Харитон Романович соблазнял Борю, рисовал перспективы: ты из своей дочери можешь принцессу, королеву сделать. Как воспитывать принцесс, Боря не знал, но уж точно не в капотненской клоаке девочка жить должна.

Он купил однокомнатную квартиру (по документам получил, тогда не покупали официально) и перевез в нее дочь и тещу тетю Любу в качестве няньки. Через месяц стало ясно, что проблема не решена. Тетя Люба пила, регулярно заявлялась мать Бори «сиротиночку проведать», квасили на пару. Боря выгнал обеих, нанял молодую женщину-лимитчицу смотреть за Катей. В отсутствие Бори бабушки и дедушки наведывались, Катя им радовалась и плакала, когда уходили. Боря родителей подкупил — вот вам деньги, но чтобы духу вашего не было. Старики возмутились, но деньги взяли, запили с новой силой. Кажется, потеряли работу. Боря не интересовался.

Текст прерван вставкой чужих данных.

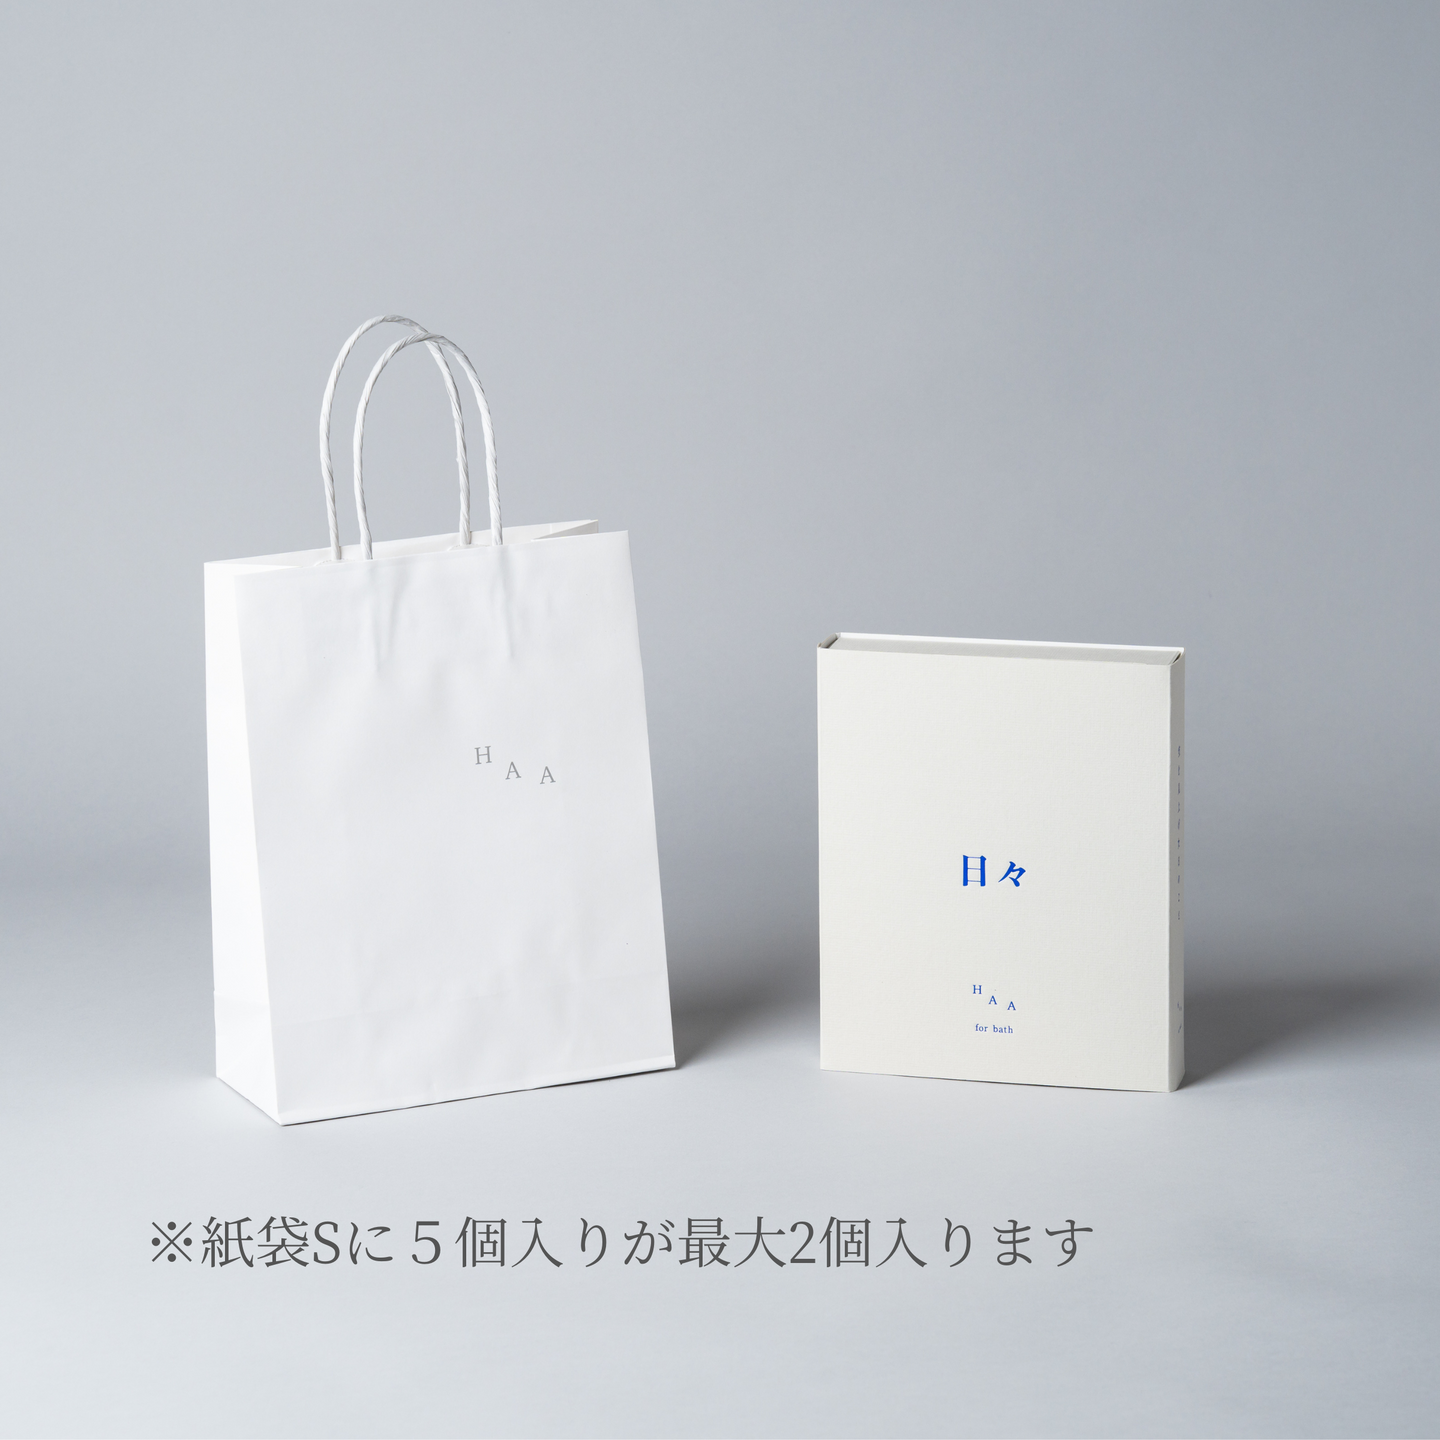 【官方網路商店限定】紙袋

Вскоре переехал в новую квартиру, большую, в тихом центре, адреса не оставил, родители сгинули. Боря никогда о них не вспоминал.

До пяти лет у Кати перебывало много нянек. Выбирать их Борис не умел, и ему решительно не везло.

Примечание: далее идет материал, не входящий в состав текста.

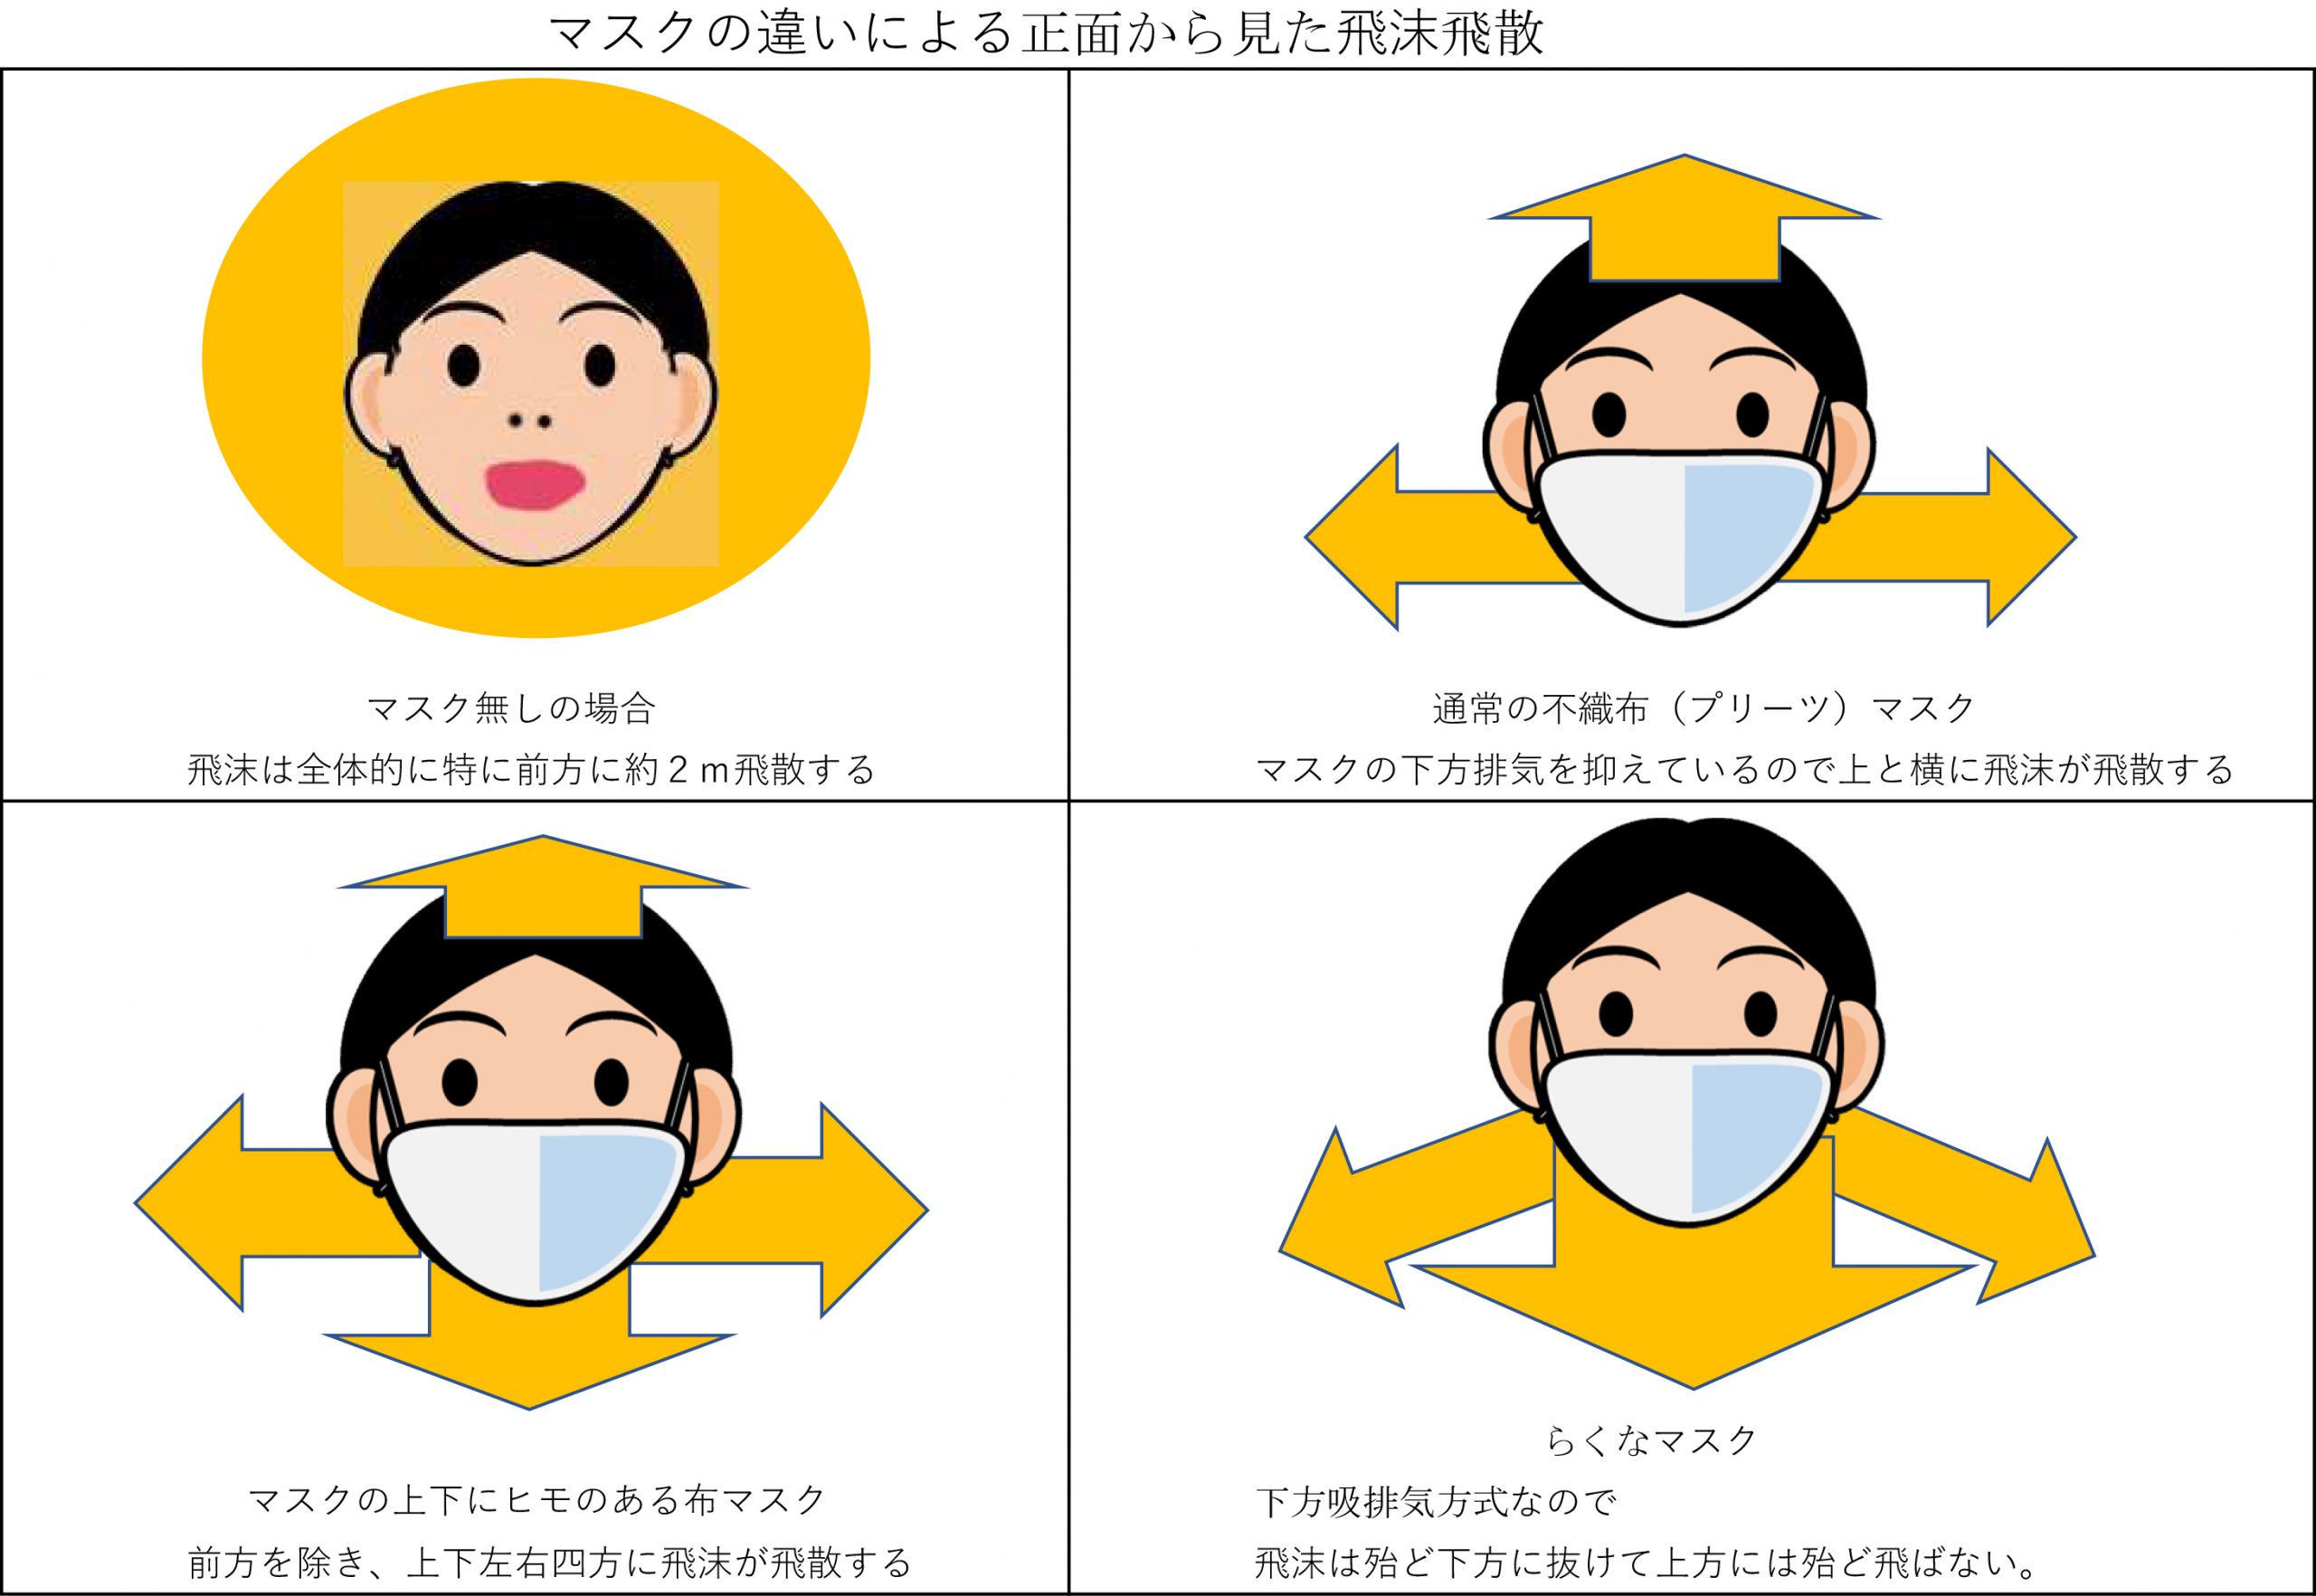 ウレタンマスクはng 広まる 不織布マスク 推奨の動き を検証した らくなマスクブログ

Молодые девицы на первых порах клялись-божились, что за ребеночком будут ходить как за родным. Но вскоре оказывались ночью в постели Бориса. Он их не звал, не тянул, не сильничал, сами в койку прыгали. Для него все бабы — только бабы. Красивая, дурнушка, брюнетка, блондинка, худая, толстая, Таня, Валя — значения не имело. Для них же постельная прописка становилась правом собственности на Борю и на его кошелек. Купи мне шубу (кольцо, сережки), дай денег, своди в театр, поехали в санаторий. У Бори был один ответ: «Обойдешься!» Раздражение скупым любовником, который и не мыслил о женитьбе, перекидывалось на ребенка. Сыпались жалобы: девочка избалованная, непоседа, капризная, вредная. Следовала отставка няни-проститутки, появлялась новая. Боря стал приглашать старух. Внук одной из них чуть не ограбил его квартиру, а другую няню Боря выкинул с лестницы. Пришел домой, у Кати щечка красная. Почему? «Я хотела свою кашу кушать, а тетя Лиза говорила, чтоб из ее тарелки доедать. Она меня учила. Папа, когда я чего-то плохо делаю, меня всегда по лицу будут учить?»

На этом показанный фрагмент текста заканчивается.